Posts in Constitution
Wish I'd said that - April 29, 2018

In its annual report Freedom House had rated 81 of the world’s countries as providing a high degree of individual liberty. "It is not an accident that a majority of the citizens in 74 of those countries are Christians."

Paul Marshall, a Canadian political scientist and senior fellow with the Centre for Religious Freedom in Washington, D.C., quoted in British Columbia Report April 5, 1999

Wish I'd said that - April 26, 2018

"The most primitive idols, even those which have long been abandoned to the jungle and the sand-drift, are land-marks in the journey of the human soul: they represent a search for coherence in the confusions and fears of living. So this venerable House of Lords was not simply a constitutional relic of the great landed fortunes; it was also a fetish, it meant the ideally paternal responsibility of the noble few. And though this meaning was quite irrelevant to the twentieth century, yet those who tried to preserve it were not merely idle men or arrogant men. They saw the passing of certain values which at their best were very high and at their worst were very human; they did not realize that life consists in change, that nothing can stand still, that today’s shrines are only fit for tomorrow’s cattle."

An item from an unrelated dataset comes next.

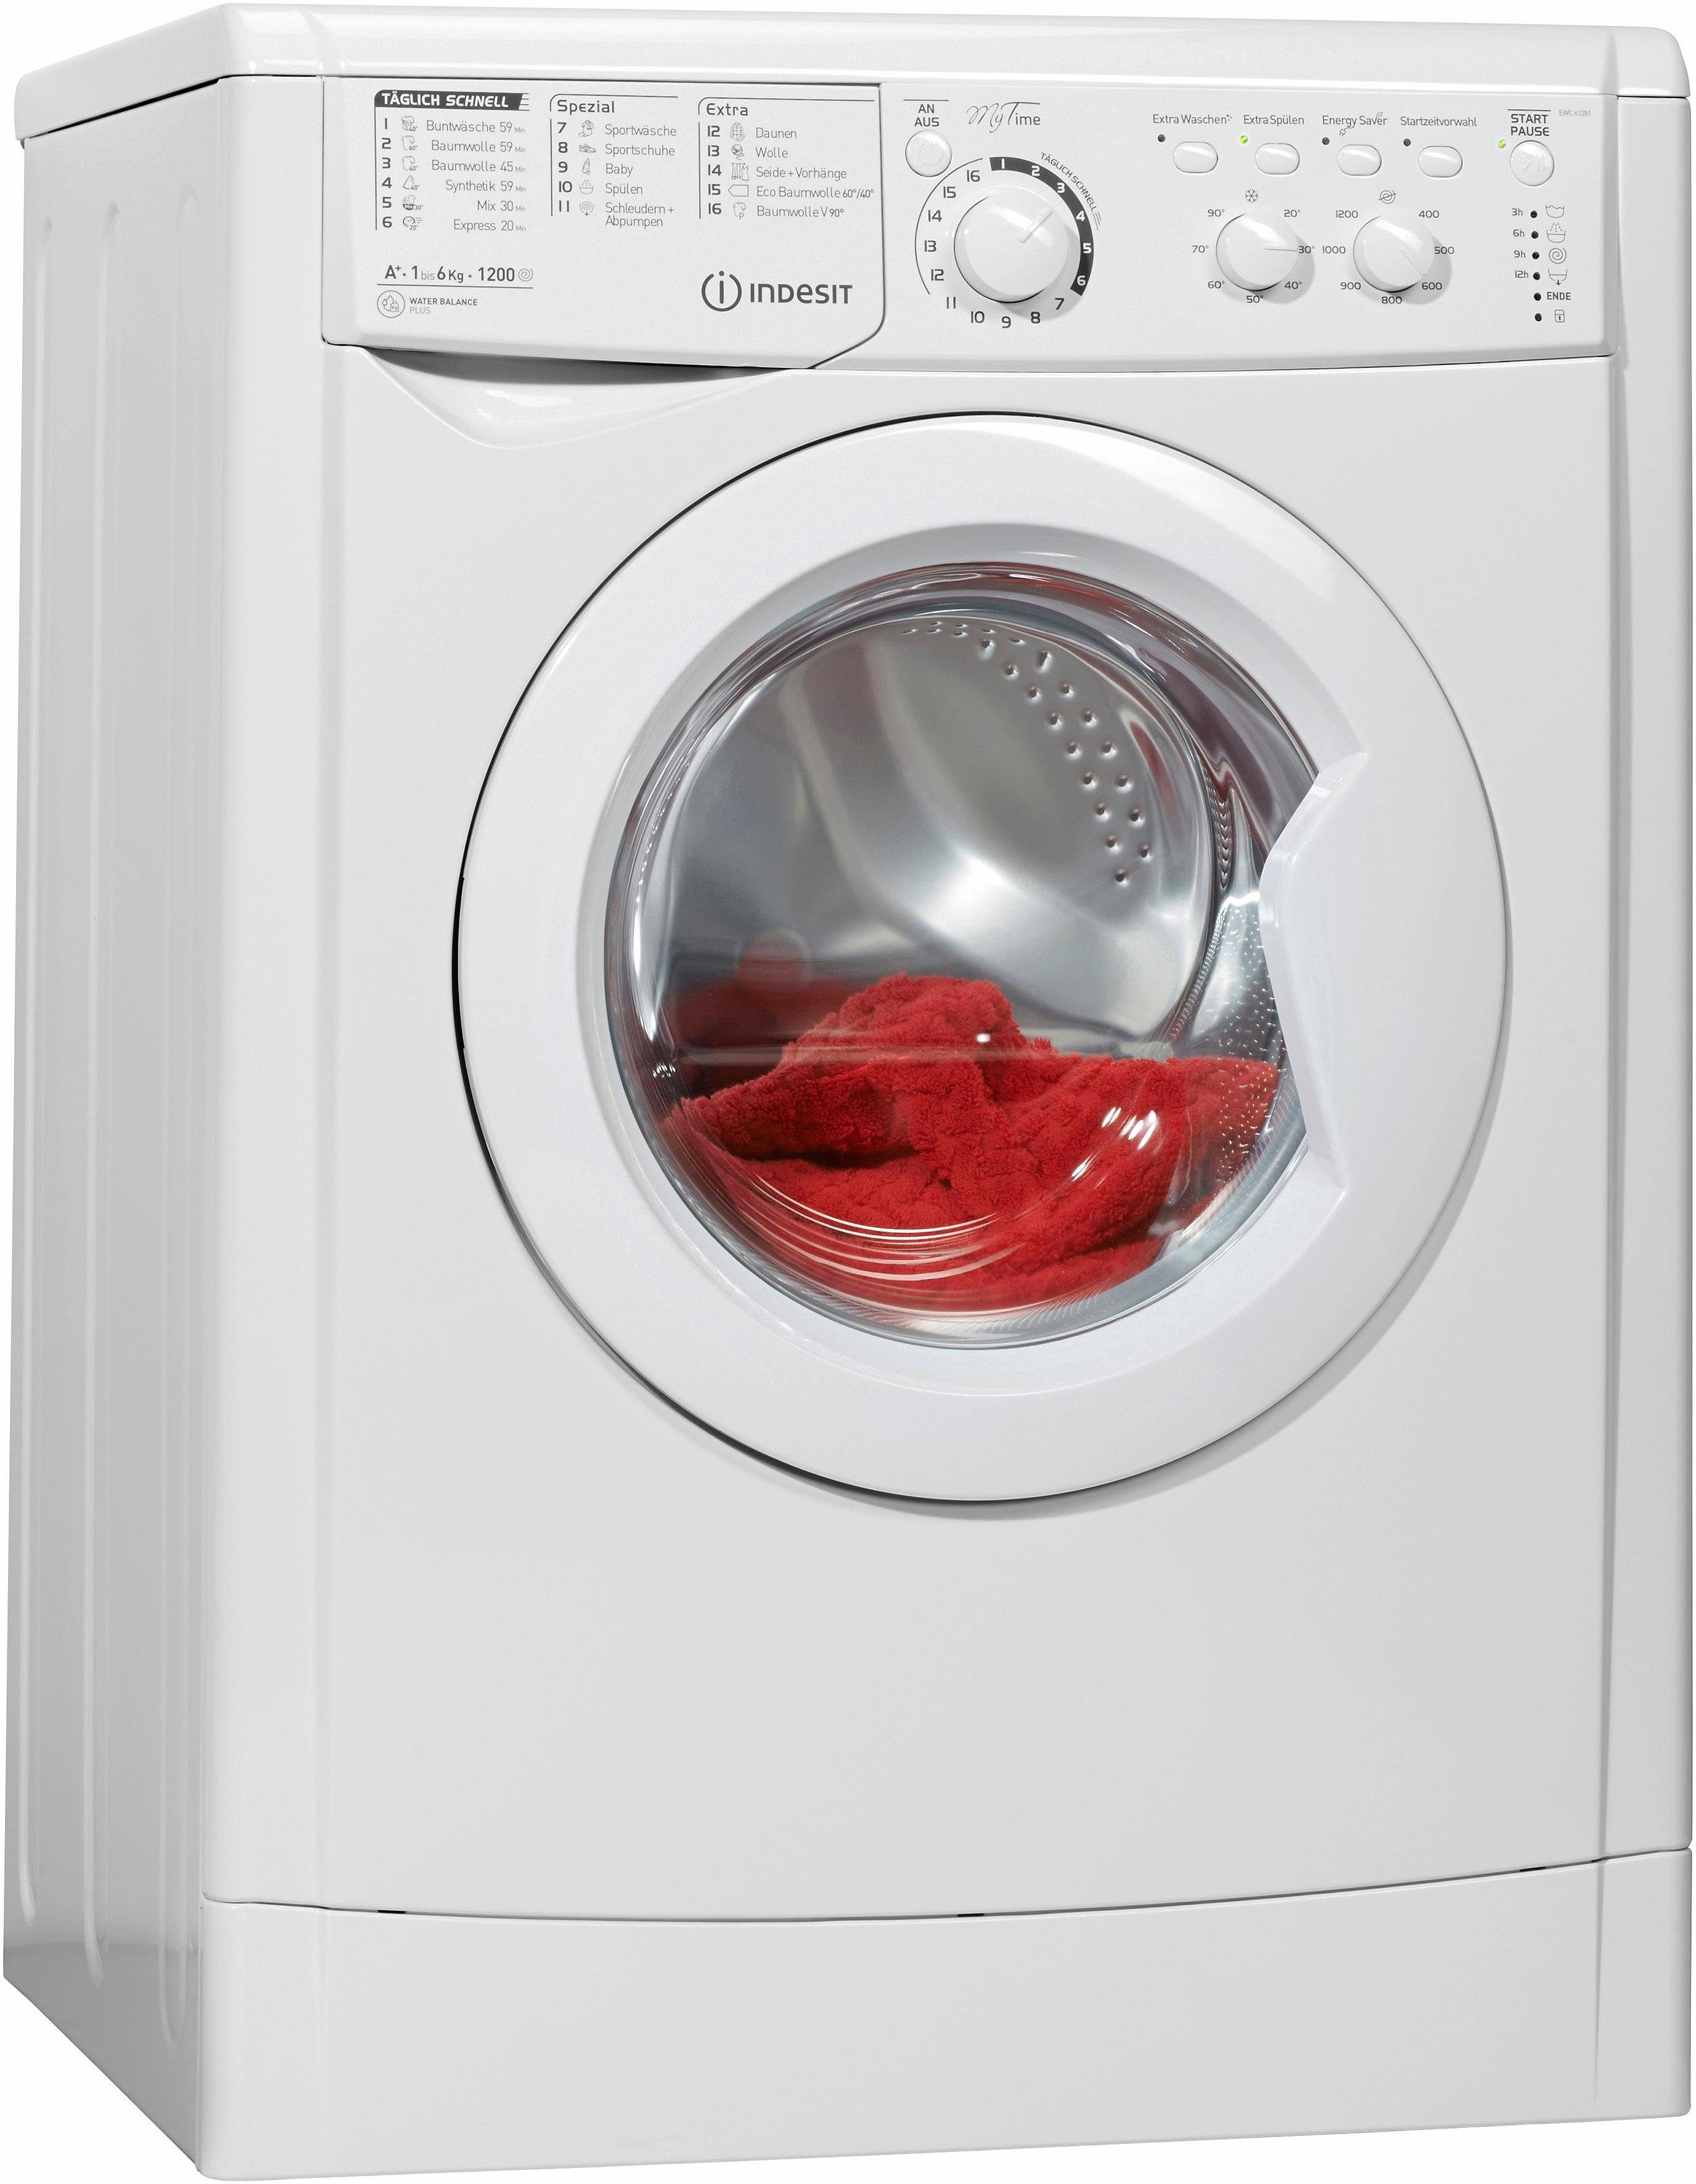 Indesit Waschmaschine EWC 61281 W DE, A+, 6 kg, 1200 U/Min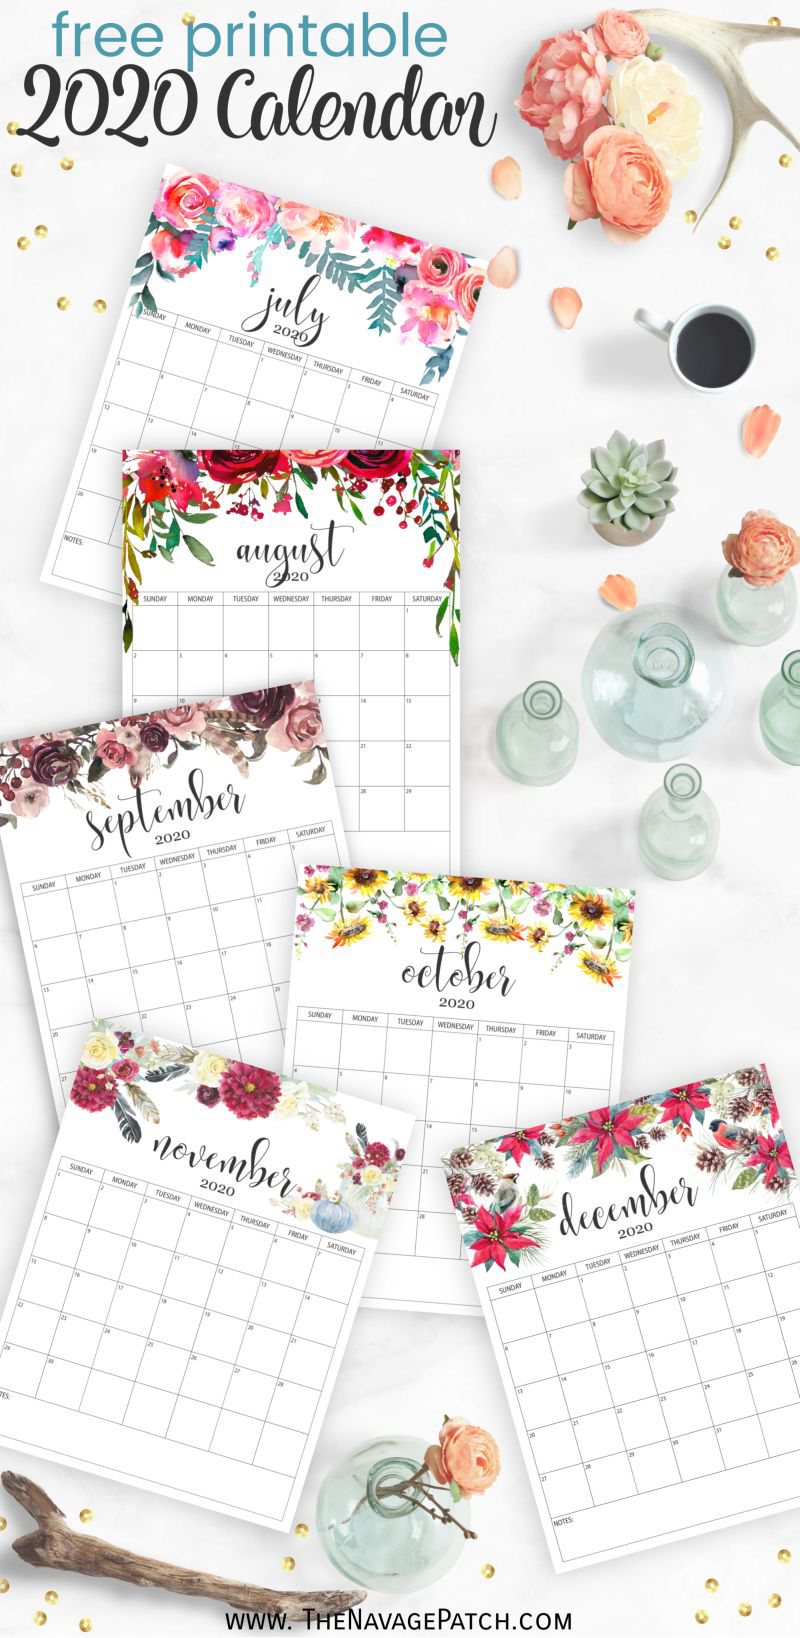 Free Printable Calendar 2020 - The Navage Patch

George Dangerfield, The Strange Death of Liberal England

Wish I'd said that - April 25, 2018

"We must understand the difference between fear societies and free societies, between dictators and democrats. We must understand the link between democracy and peace and between human rights and security. Above all, we must bring back moral clarity so that we may draw on the power of free individuals, free nations, and the free world for the enormous challenges ahead."

Natan Sharansky’s “Preface” in Natan Sharansky with Ron Dermer The Case for Democracy

Wish I'd said that - April 18, 2018

"The important borders during the Cold War were seen as those that separated capitalists from communists, Americans from Soviets, East from West. But not to dissidents. Of course, more than anyone else, we were painfully aware of these fault lines because we often paid the price for crossing them… Still, while the fault lines framed the larger geopolitical and ideological contours of the superpower face-off, they failed to capture what for many of us was an even more important threshold – a border that did not separate the world as it was, but rather as it might be. On one side stood those who were prepared to confront evil. On the other stood those who were prepared to appease it."